• **What to work on**: Output the data in full. Keep every word exact and exclude the pictures.

• **Exercise data**:

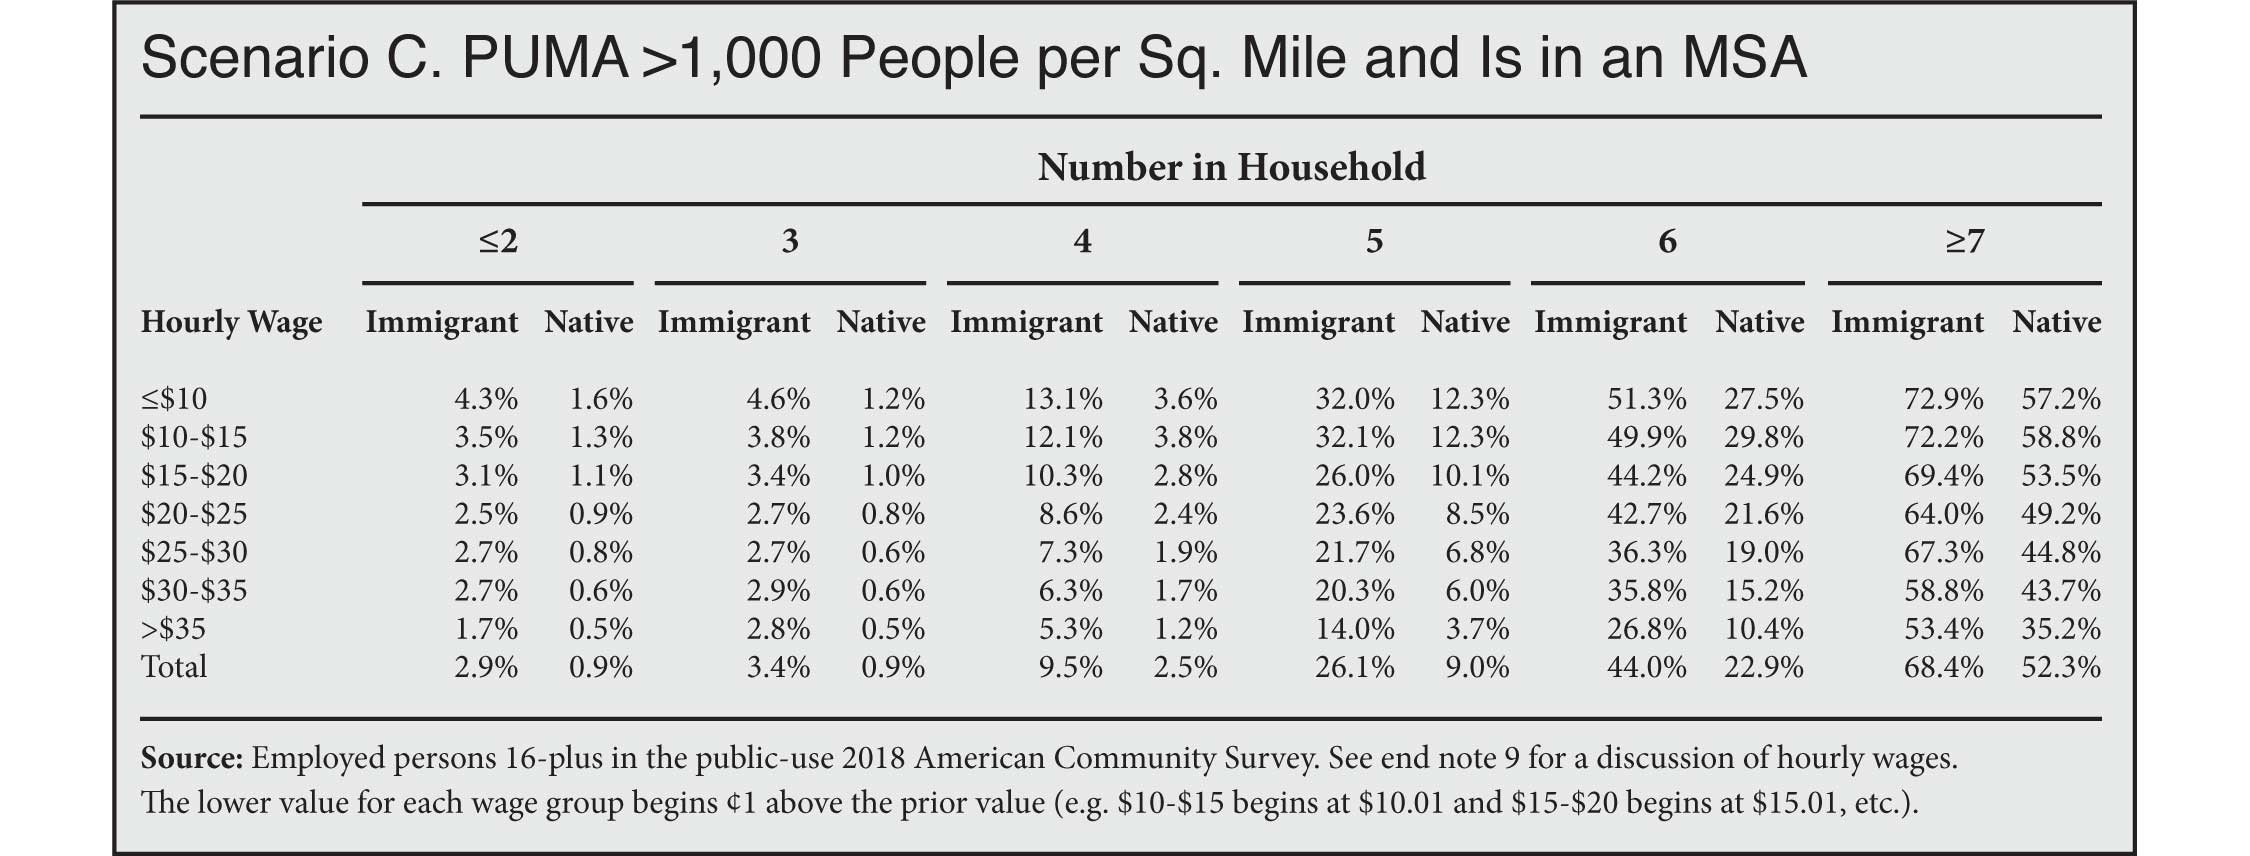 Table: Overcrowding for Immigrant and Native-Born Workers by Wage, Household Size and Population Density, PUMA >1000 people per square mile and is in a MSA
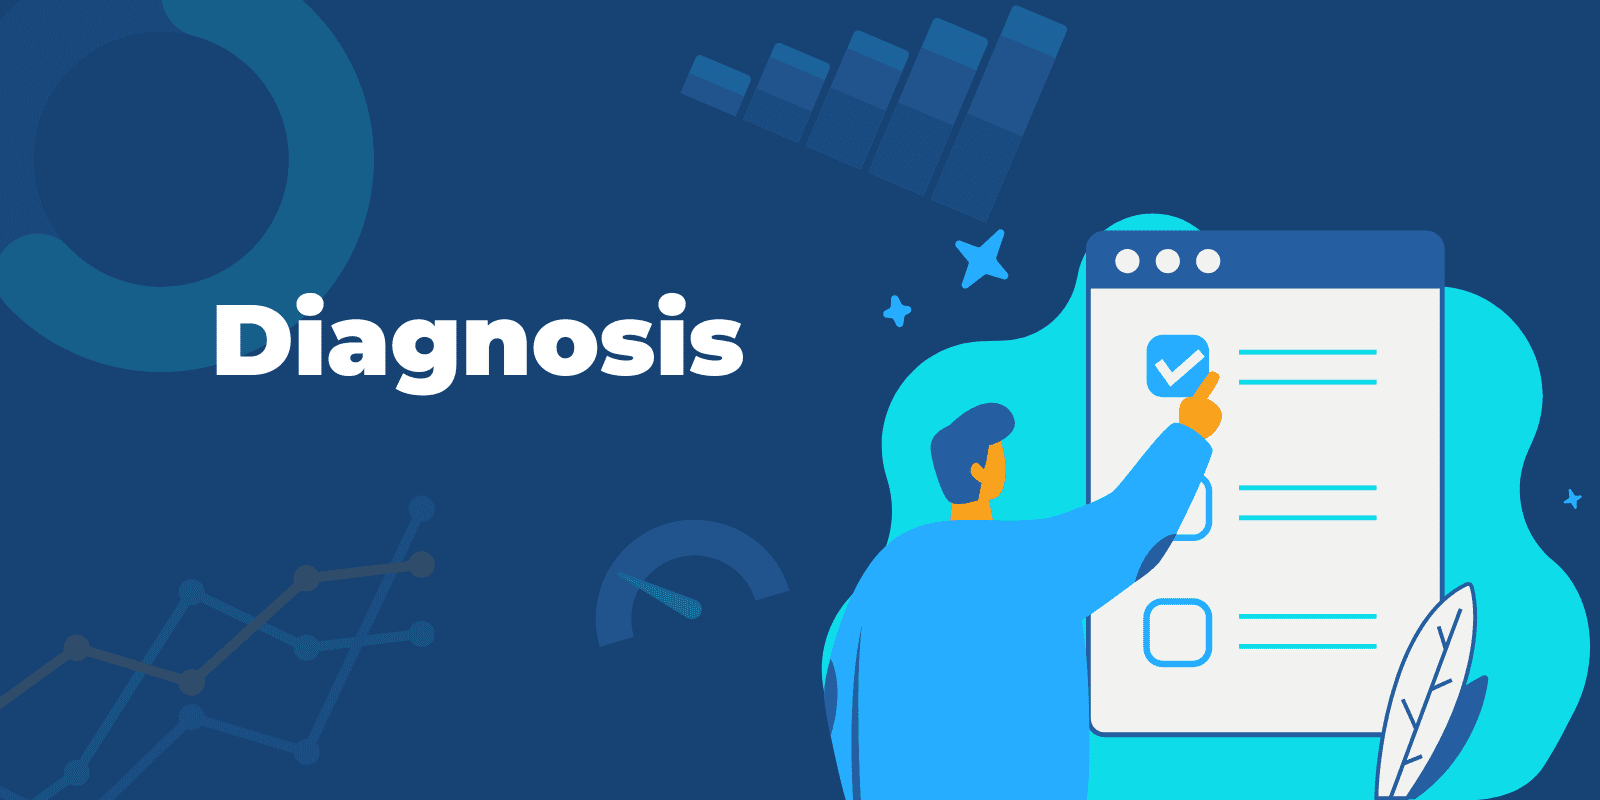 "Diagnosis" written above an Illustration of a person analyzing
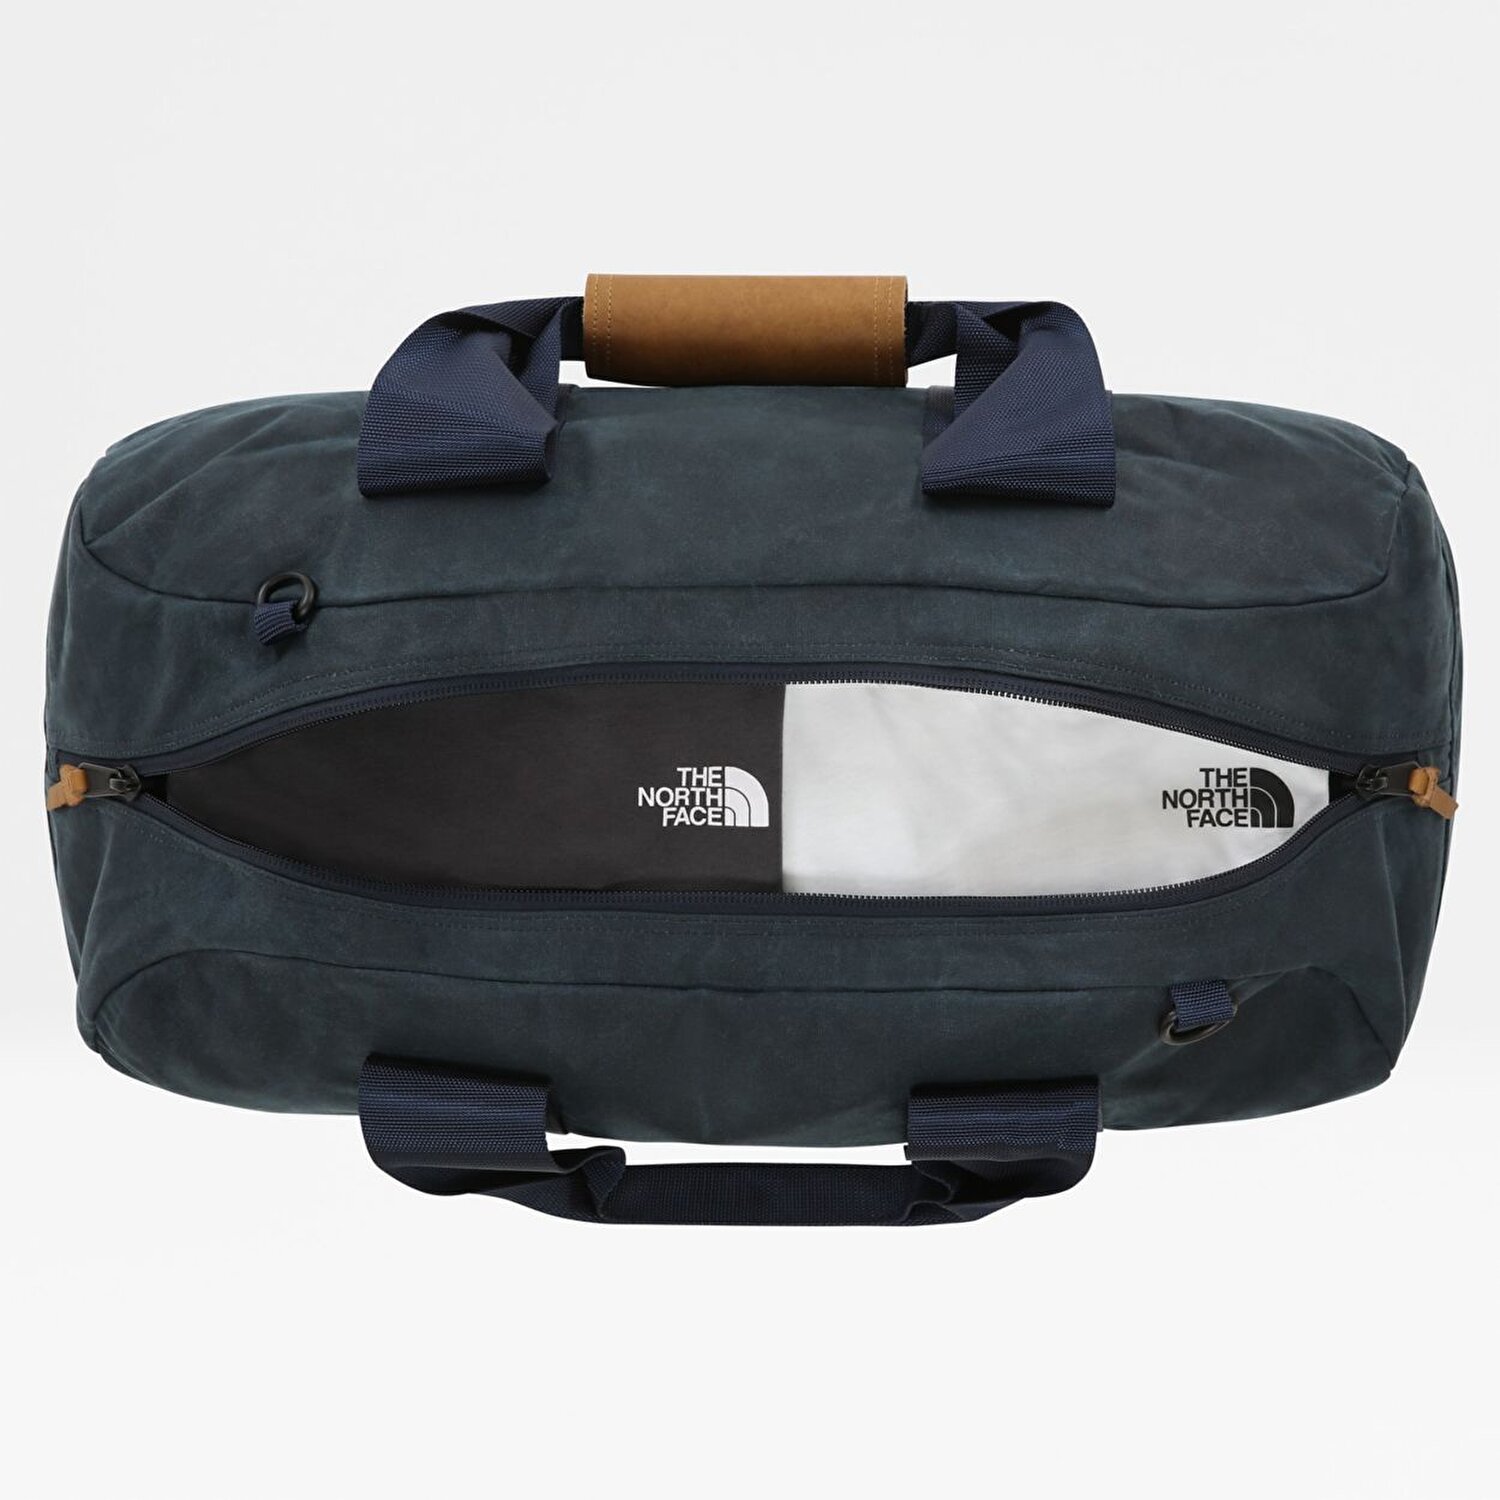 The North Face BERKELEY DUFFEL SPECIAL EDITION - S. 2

• **Answer section**:
 Table: Overcrowding for Immigrant and Native-Born Workers by Wage, Household Size and Population Density, PUMA >1000 people per square mile and is in a MSA
 "Diagnosis" written above an Illustration of a person analyzing
 The North Face BERKELEY DUFFEL SPECIAL EDITION - S. 2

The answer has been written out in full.